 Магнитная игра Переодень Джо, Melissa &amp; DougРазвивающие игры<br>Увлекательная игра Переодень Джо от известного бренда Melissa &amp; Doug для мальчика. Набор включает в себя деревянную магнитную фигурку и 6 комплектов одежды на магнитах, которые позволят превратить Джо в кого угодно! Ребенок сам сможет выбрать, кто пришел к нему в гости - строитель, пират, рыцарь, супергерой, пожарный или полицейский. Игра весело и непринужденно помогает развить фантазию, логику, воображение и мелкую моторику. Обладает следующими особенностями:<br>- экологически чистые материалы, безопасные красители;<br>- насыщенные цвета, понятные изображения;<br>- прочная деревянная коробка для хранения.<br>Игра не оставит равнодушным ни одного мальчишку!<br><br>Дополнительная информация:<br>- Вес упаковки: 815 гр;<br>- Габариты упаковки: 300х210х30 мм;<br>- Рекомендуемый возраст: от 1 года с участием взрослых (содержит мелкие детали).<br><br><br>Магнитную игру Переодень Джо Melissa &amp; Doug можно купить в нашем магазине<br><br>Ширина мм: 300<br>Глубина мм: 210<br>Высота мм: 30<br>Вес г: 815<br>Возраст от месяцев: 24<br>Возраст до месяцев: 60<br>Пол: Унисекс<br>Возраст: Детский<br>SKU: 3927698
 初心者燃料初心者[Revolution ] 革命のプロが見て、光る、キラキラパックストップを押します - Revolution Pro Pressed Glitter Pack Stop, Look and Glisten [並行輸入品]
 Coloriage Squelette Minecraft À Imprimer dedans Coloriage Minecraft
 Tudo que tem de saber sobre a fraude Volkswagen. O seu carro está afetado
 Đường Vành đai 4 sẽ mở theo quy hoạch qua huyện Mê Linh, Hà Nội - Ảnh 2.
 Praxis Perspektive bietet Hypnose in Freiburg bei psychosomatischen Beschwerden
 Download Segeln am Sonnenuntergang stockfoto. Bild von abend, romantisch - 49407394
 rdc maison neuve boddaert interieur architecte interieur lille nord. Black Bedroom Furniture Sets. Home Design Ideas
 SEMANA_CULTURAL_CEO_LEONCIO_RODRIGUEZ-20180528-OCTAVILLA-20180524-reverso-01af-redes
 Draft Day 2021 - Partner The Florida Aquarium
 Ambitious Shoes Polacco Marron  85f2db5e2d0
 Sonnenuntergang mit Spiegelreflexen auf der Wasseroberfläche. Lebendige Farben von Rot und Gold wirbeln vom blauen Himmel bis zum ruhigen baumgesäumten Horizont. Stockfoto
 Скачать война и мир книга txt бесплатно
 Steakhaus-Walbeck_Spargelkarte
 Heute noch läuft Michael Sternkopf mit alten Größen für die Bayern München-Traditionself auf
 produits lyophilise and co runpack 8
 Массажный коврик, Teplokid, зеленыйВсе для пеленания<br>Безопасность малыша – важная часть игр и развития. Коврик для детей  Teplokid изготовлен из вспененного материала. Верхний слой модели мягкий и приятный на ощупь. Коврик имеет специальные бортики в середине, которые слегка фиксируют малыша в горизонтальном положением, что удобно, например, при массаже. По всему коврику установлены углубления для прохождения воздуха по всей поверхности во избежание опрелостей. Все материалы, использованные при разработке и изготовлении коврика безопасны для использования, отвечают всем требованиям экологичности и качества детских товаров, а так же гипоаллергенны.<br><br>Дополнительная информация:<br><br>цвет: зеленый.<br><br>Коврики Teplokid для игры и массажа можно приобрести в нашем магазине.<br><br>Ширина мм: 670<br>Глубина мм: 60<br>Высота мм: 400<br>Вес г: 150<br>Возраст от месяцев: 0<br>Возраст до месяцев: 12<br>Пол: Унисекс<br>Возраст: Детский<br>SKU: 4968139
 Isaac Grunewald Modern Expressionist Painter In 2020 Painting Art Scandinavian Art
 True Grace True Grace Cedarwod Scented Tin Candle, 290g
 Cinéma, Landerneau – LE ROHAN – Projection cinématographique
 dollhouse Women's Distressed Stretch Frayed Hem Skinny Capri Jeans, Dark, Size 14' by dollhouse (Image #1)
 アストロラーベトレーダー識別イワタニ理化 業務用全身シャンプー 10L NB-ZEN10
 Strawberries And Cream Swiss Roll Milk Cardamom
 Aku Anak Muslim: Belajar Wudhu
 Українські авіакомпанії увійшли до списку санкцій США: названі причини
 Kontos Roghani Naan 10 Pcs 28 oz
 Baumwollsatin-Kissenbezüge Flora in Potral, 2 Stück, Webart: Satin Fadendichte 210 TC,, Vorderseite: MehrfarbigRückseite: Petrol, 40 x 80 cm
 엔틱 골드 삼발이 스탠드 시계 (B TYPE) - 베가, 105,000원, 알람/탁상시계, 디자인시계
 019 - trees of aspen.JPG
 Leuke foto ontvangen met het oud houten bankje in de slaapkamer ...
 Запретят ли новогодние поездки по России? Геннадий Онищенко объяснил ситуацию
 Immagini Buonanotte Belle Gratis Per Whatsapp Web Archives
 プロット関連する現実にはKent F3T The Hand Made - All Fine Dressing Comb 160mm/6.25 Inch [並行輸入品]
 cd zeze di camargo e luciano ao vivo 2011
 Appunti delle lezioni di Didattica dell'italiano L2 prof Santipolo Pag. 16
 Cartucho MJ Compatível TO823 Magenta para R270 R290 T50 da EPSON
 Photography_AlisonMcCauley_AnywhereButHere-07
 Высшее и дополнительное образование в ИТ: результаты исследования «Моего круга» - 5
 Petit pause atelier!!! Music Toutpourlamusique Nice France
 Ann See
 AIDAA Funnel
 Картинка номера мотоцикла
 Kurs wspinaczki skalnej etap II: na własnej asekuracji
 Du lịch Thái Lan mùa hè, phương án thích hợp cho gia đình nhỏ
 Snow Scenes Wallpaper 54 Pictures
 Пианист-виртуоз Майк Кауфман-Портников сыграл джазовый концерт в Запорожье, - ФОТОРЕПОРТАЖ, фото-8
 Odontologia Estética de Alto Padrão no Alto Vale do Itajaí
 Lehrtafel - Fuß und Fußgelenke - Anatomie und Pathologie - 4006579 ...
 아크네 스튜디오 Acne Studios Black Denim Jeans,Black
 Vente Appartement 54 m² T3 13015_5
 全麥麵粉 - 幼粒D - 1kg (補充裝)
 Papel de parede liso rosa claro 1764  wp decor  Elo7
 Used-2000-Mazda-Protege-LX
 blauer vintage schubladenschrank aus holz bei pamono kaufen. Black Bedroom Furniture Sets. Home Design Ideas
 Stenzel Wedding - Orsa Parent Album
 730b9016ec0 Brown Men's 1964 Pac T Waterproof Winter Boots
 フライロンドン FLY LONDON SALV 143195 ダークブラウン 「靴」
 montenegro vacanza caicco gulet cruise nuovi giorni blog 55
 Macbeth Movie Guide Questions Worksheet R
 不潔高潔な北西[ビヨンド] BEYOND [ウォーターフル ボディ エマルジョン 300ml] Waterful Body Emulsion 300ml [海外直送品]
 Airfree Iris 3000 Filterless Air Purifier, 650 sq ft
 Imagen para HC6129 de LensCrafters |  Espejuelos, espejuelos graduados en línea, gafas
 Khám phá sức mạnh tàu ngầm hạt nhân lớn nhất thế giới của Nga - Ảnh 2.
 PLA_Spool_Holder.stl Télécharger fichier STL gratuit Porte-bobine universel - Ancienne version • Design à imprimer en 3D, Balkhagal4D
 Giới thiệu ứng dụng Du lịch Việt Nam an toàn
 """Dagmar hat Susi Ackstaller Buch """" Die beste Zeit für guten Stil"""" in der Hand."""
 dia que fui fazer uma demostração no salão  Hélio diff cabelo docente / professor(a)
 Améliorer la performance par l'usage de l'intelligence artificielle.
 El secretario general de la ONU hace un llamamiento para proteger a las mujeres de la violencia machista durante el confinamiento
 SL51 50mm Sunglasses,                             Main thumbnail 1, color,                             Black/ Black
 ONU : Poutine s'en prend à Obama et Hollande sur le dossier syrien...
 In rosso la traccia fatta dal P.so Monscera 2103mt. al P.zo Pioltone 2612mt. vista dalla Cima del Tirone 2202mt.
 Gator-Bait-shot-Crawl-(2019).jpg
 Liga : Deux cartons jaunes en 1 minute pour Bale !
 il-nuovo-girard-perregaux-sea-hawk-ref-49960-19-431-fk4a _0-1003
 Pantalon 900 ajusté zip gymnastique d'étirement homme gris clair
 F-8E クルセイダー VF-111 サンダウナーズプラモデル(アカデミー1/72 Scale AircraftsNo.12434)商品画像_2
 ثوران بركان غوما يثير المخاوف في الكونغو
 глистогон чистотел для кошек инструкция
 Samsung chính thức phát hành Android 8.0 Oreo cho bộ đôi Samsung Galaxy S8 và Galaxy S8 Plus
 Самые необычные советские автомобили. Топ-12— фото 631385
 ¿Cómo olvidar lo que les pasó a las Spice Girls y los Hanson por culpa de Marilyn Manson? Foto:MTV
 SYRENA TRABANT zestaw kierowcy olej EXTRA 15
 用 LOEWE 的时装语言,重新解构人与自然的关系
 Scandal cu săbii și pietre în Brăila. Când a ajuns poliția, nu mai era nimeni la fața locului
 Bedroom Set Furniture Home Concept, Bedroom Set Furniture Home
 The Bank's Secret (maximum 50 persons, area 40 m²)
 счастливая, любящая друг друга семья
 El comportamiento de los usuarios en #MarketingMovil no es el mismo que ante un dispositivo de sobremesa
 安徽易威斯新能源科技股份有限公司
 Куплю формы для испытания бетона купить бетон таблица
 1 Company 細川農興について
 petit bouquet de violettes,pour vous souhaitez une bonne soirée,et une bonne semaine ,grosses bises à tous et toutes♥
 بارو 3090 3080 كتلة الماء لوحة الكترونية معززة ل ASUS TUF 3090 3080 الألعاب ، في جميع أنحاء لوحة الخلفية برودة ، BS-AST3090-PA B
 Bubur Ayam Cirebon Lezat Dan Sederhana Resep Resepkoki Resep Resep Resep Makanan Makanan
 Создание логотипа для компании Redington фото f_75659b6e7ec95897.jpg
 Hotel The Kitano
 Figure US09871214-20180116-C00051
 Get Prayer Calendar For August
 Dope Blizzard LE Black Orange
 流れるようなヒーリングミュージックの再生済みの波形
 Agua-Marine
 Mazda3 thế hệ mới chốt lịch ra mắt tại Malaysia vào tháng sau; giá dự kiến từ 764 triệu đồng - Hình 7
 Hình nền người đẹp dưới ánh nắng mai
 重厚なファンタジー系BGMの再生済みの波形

===

Assigned task: Only one part of the material above is to be transcribed, namely the lines starting with the line that has "Du lịch Thái" and going on through the line that has "montenegro vacanza caicco", exactly as they stand.

Written answer:
 Du lịch Thái Lan mùa hè, phương án thích hợp cho gia đình nhỏ
 Snow Scenes Wallpaper 54 Pictures
 Пианист-виртуоз Майк Кауфман-Портников сыграл джазовый концерт в Запорожье, - ФОТОРЕПОРТАЖ, фото-8
 Odontologia Estética de Alto Padrão no Alto Vale do Itajaí
 Lehrtafel - Fuß und Fußgelenke - Anatomie und Pathologie - 4006579 ...
 아크네 스튜디오 Acne Studios Black Denim Jeans,Black
 Vente Appartement 54 m² T3 13015_5
 全麥麵粉 - 幼粒D - 1kg (補充裝)
 Papel de parede liso rosa claro 1764  wp decor  Elo7
 Used-2000-Mazda-Protege-LX
 blauer vintage schubladenschrank aus holz bei pamono kaufen. Black Bedroom Furniture Sets. Home Design Ideas
 Stenzel Wedding - Orsa Parent Album
 730b9016ec0 Brown Men's 1964 Pac T Waterproof Winter Boots
 フライロンドン FLY LONDON SALV 143195 ダークブラウン 「靴」
 montenegro vacanza caicco gulet cruise nuovi giorni blog 55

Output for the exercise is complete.